Keep every word of the listing and drop the images when you write it out.

### INPUT DATA

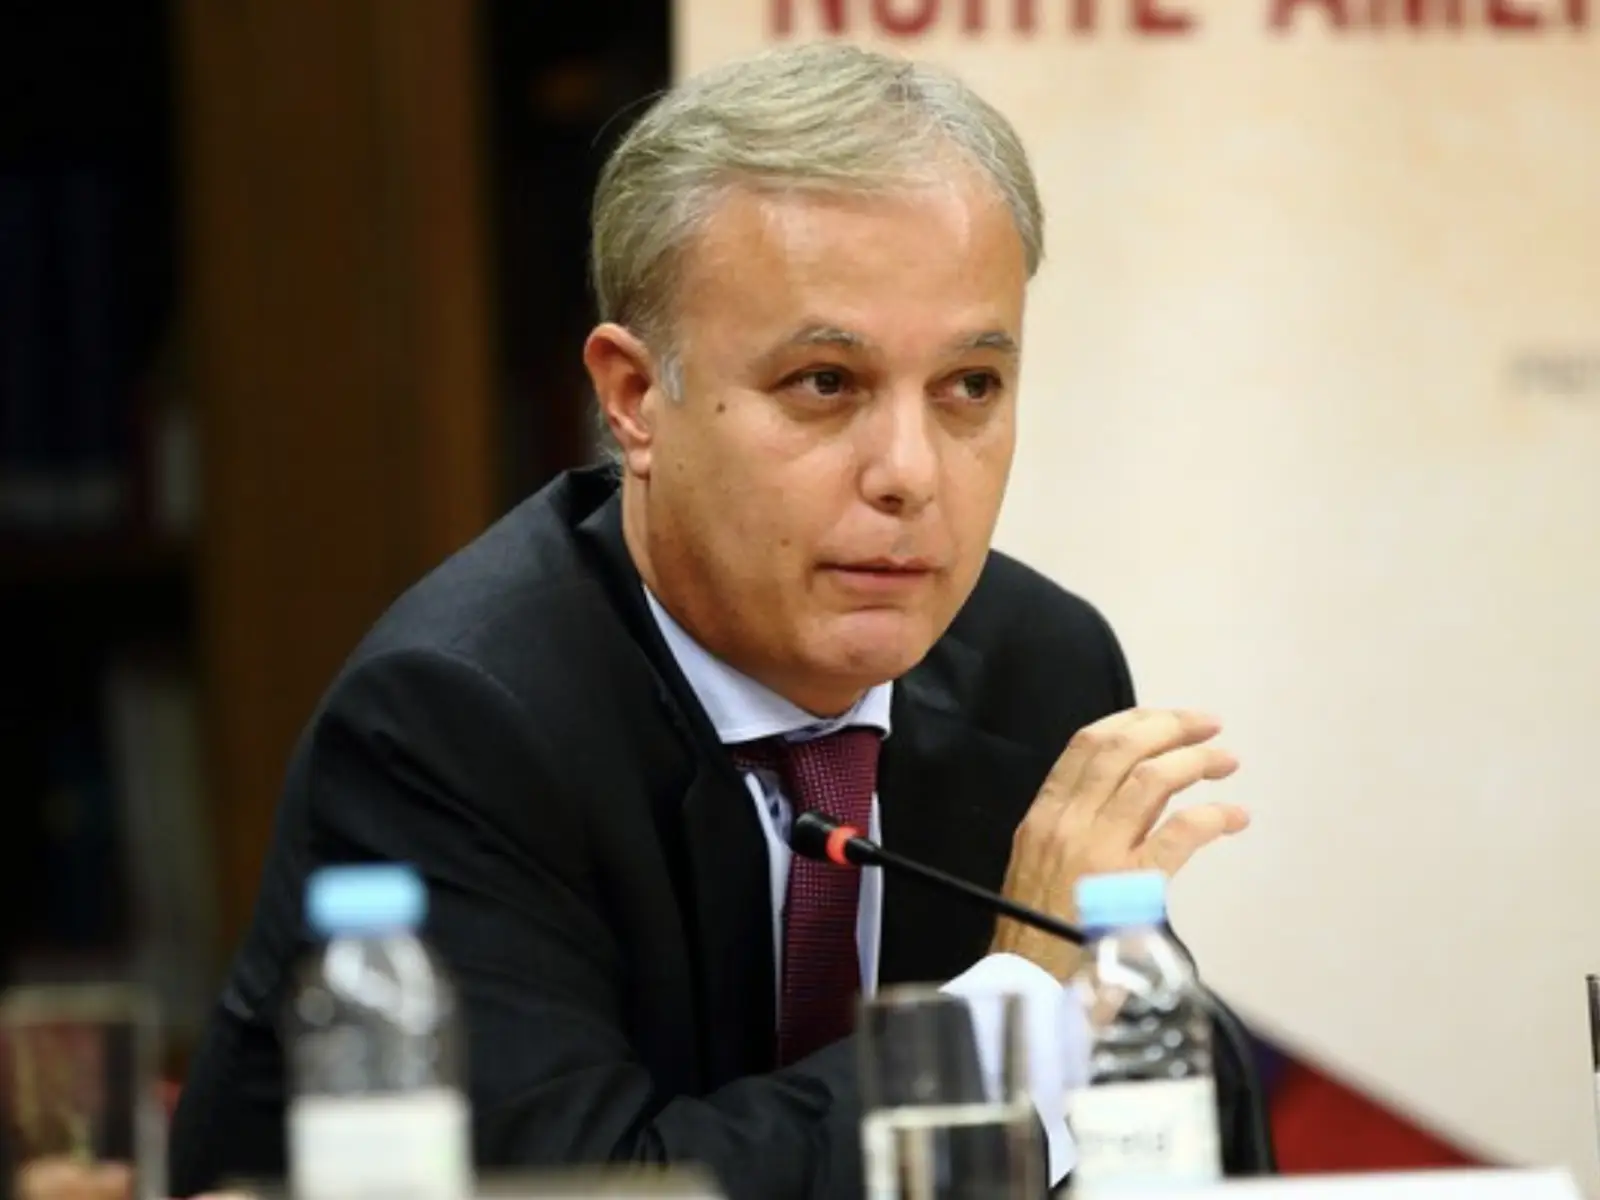 Tiago Moreira de Sá, ancien député PSD, est le numéro deux d’Arrivée aux européennes
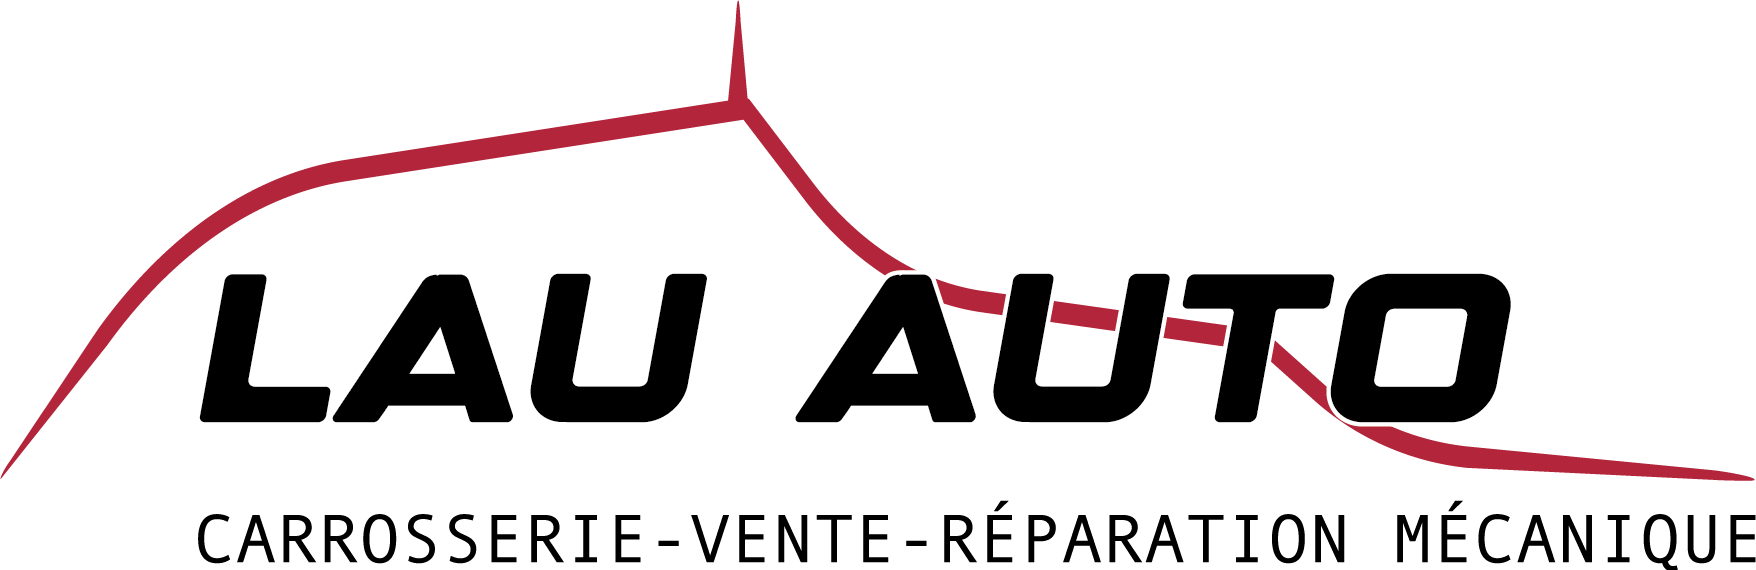 cropped-logo-base-noir-LAU-AUTO.png
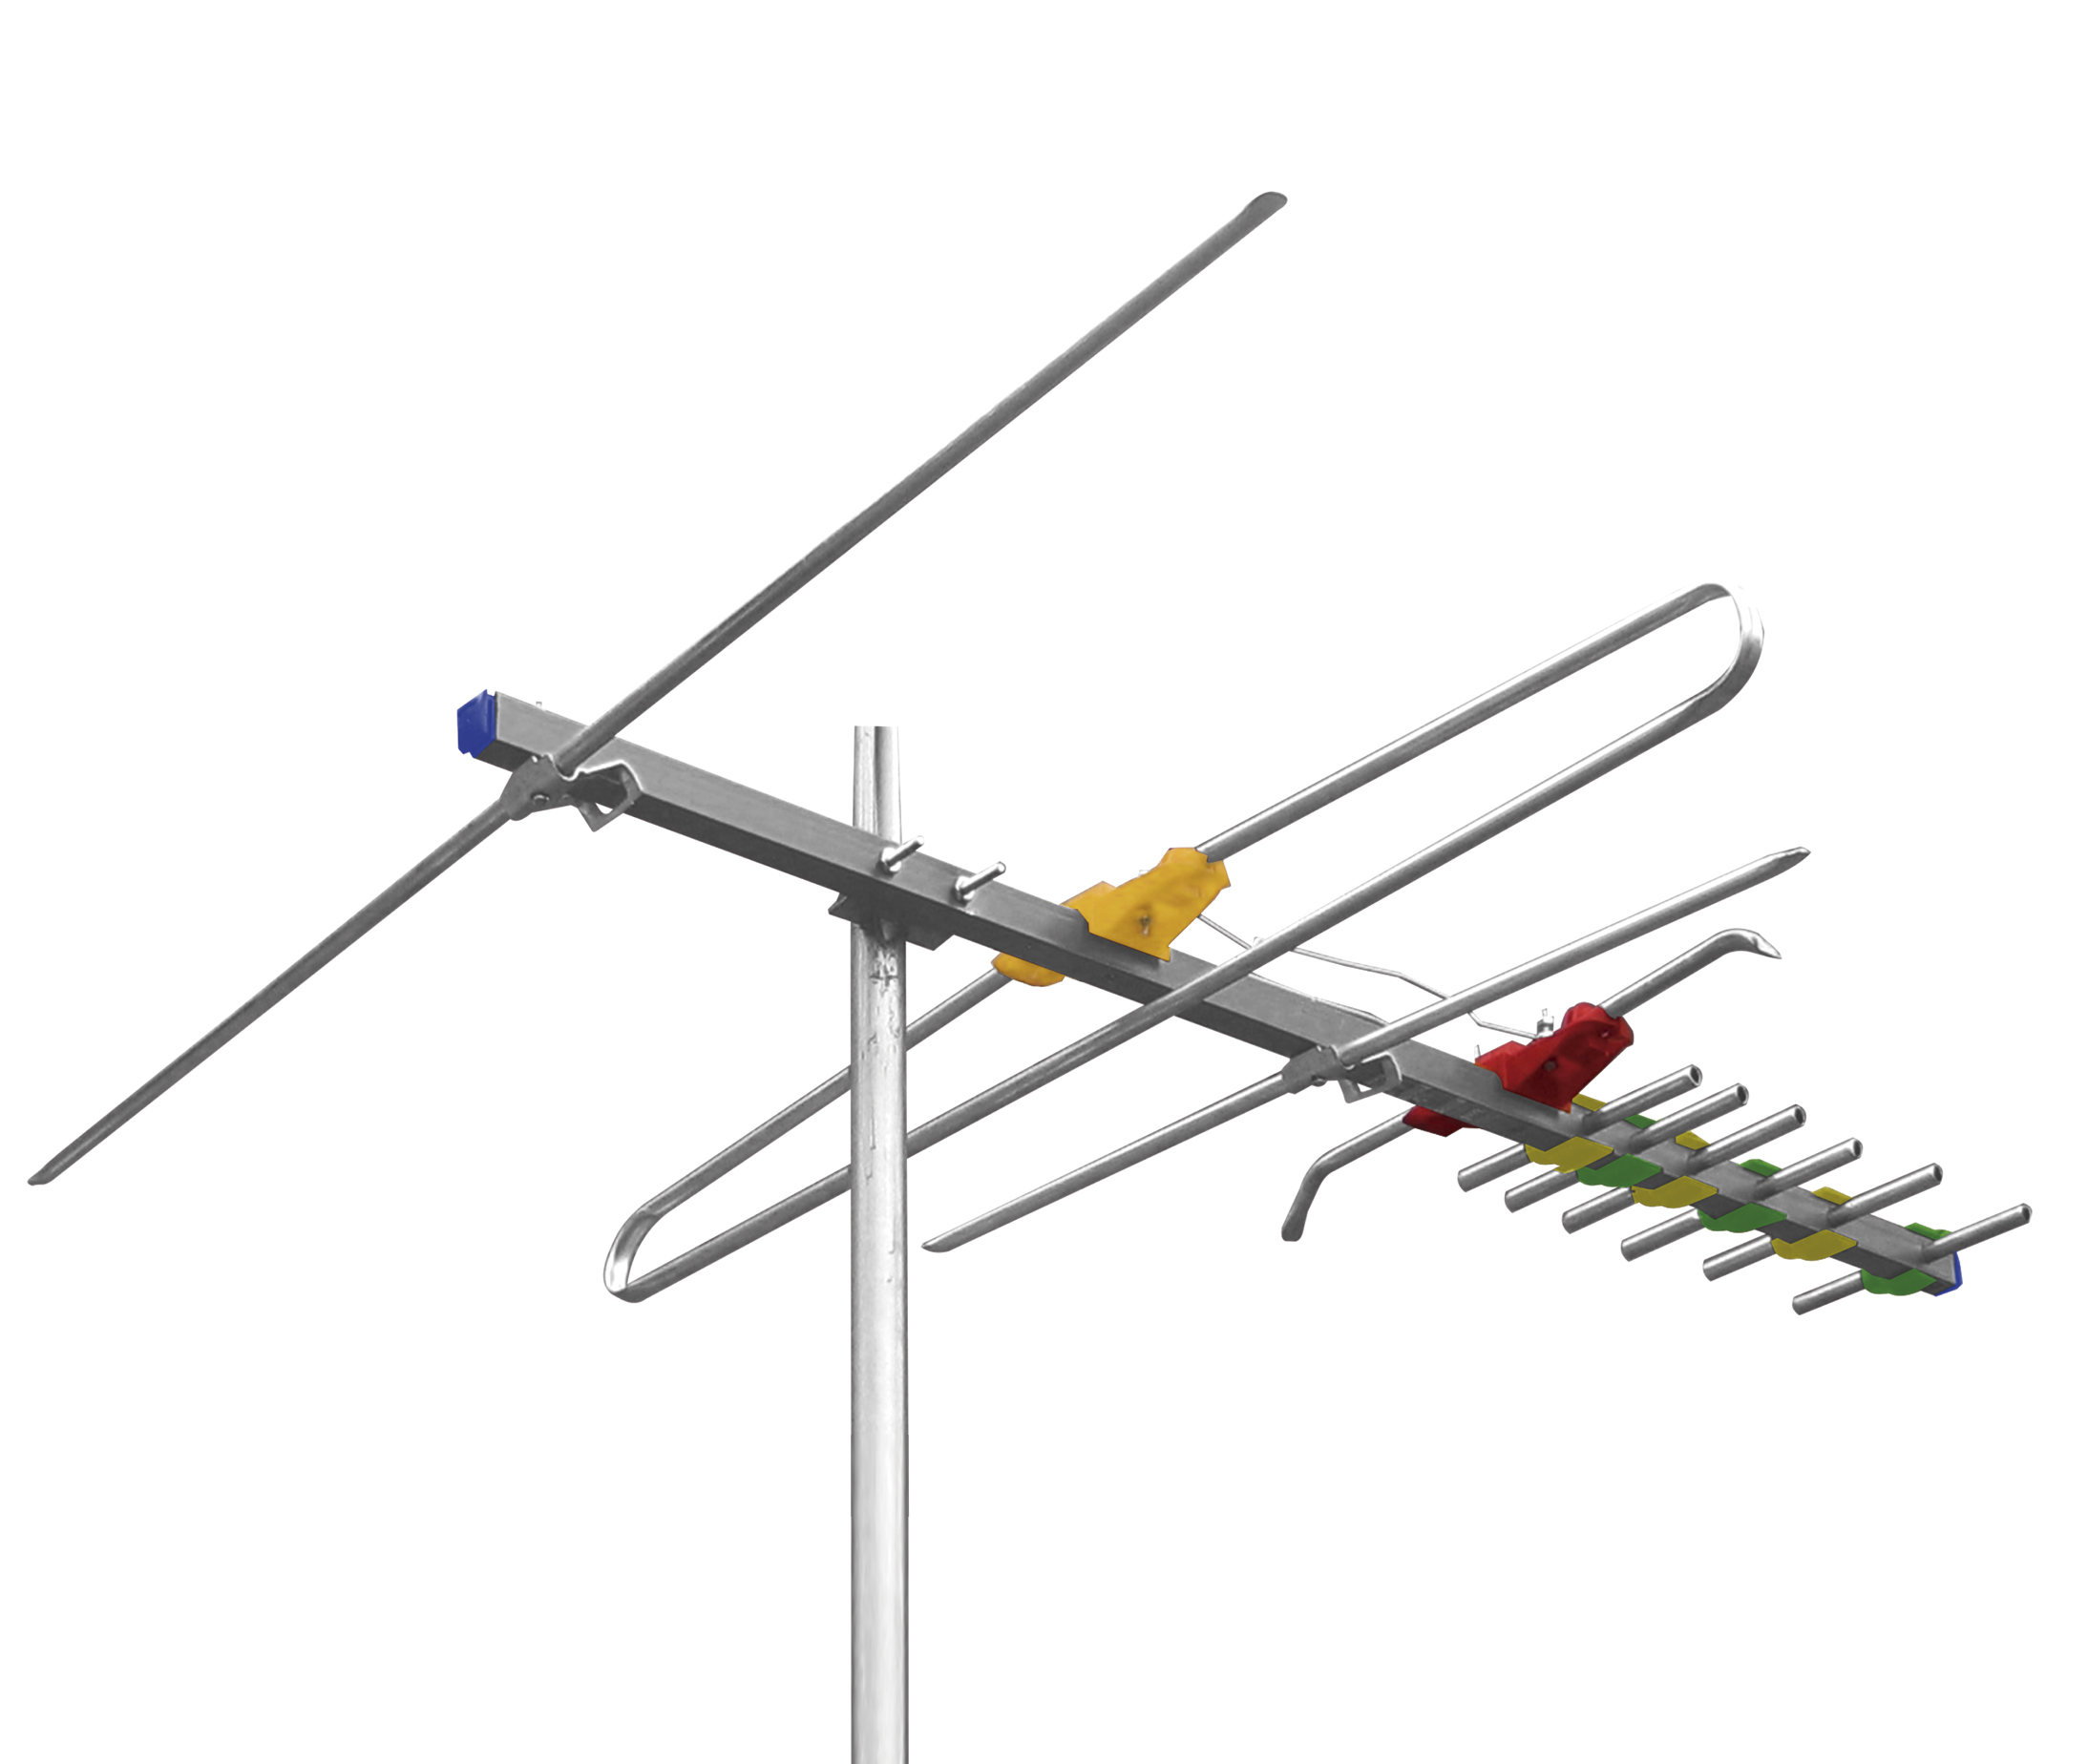 Antena Aerea Wia con 10 metros de cable
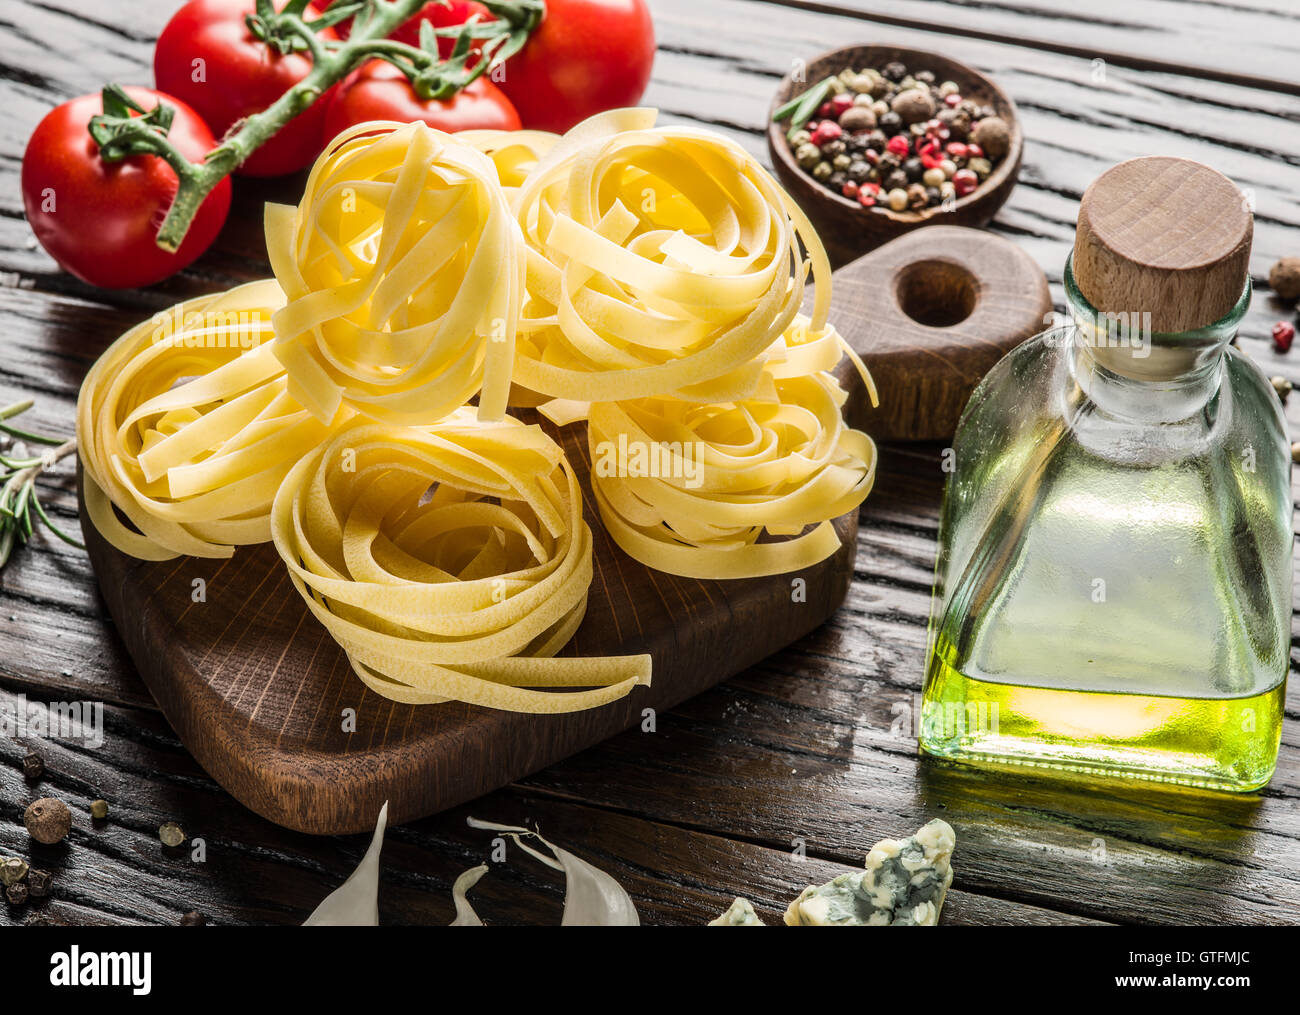 Ingrédients pâtes. Les tomates cerise et les pâtes spaghetti sur la table en bois. Banque D'Images

######

• **ANSWER TO THIS PROBLEM**
 Tiago Moreira de Sá, ancien député PSD, est le numéro deux d’Arrivée aux européennes
 cropped-logo-base-noir-LAU-AUTO.png
 Antena Aerea Wia con 10 metros de cable
 Ingrédients pâtes. Les tomates cerise et les pâtes spaghetti sur la table en bois. Banque D'Images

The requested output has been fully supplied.